# Crushing the Stone



## tigdra (Jul 10, 2006)

I figured this technique would bring some more experienced people out. Shout if you know this technique. 

Crushing the Stone
Attack: Right punch from the front

Movement: Step right foot to 6:00 as you execute a right outward block, grab opponent's right wrist with your right and follow with a left palm to the elbow, left hand then rakes down the arm, (so far pretty similar to_ Leap of Death _or even_ Missing the Leap)  _

Left hand grabs opponent's right shoulder as you right knee opponent to the body. 

Stepping down from knee towards 7:30, turn to face 7:30 while pulling opponent's wrist towards the floor and pushing shoulder down (which makes opponent fall to floor)  

Shuffle-step towards fallen opponent and drop left knee to the back of the ribs (upper ribs) as you execute double inward circling vertical punches (should look like if you were flexing your muscles) to both sides of the mastoid (which crushes his face to the ground, hence the name crushing the stone)


----------



## Touch Of Death (Jul 11, 2006)

tigdra said:
			
		

> I figured this technique would bring some more experienced people out. Shout if you know this technique.
> 
> Crushing the Stone
> Attack: Right punch from the front
> ...


Never heared of this but it bears a resembleance to the second move of cluthching feathers and or the offensive techs, but I would like to see this one at street speed before I make a judgement.
sean


----------



## Kenpojujitsu3 (Jul 12, 2006)

tigdra said:
			
		

> I figured this technique would bring some more experienced people out. Shout if you know this technique.
> 
> Crushing the Stone
> Attack: Right punch from the front
> ...


 
Hmmm never heard of it, but interesting.

Leap of Death into Gift of Destruction then back to Leap of Death followed by the Form 4 transition between the two sides of protecting fans or "opening 9 counts".

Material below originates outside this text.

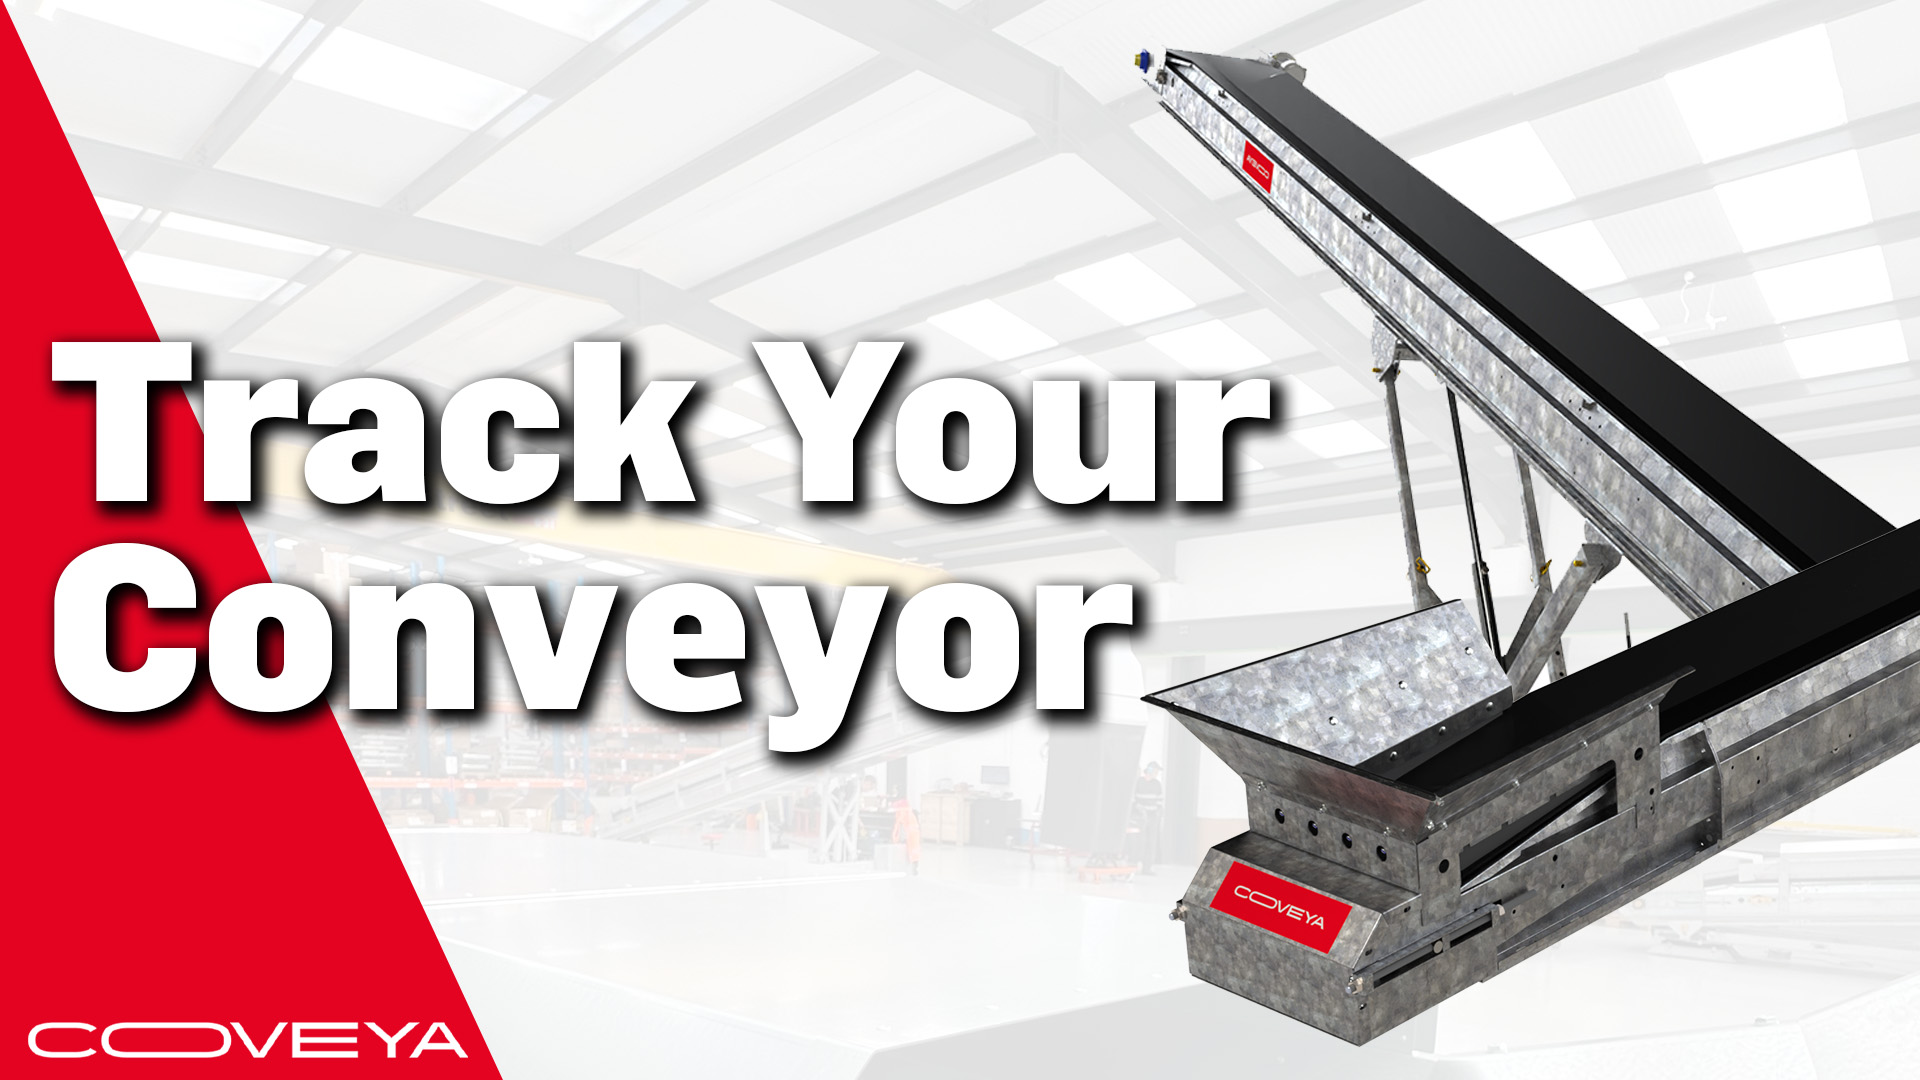 How To: Track Your Conveyor
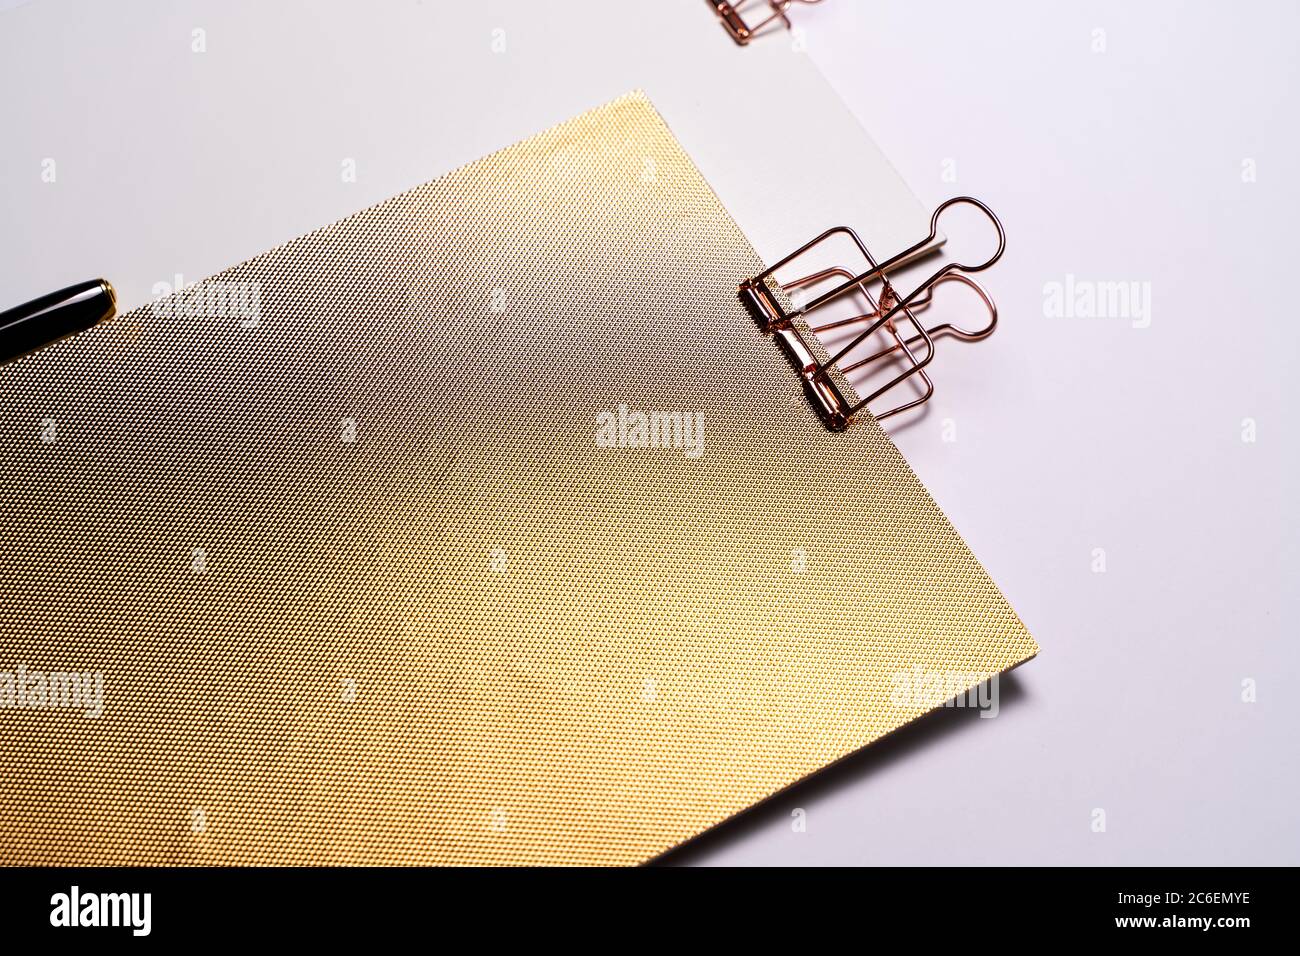 Two golden clipboard, branding stationery mockup and fountain pen on the cleared desk. Corporate modern items set, nobody Stock Photo

Where does this tech come from?


----------



## tigdra (Jul 14, 2006)

Our school's teacher trained and had belt certifications with tracy, parker and chow. I have technique notes for both parker and chow, I am trying to see if anyone recognizes our techniques so that we can discuss applications with them. I will post some more techniques as time goes on.


----------



## Kenpojujitsu3 (Jul 14, 2006)

tigdra said:
			
		

> Our school's teacher trained and had belt certifications with tracy, parker and chow. I have technique notes for both parker and chow, I am trying to see if anyone recognizes our techniques so that we can discuss applications with them. I will post some more techniques as time goes on.


 
Please do, I'm curious. So far the name hasn't been familiar but all the movements you described are. :asian:


----------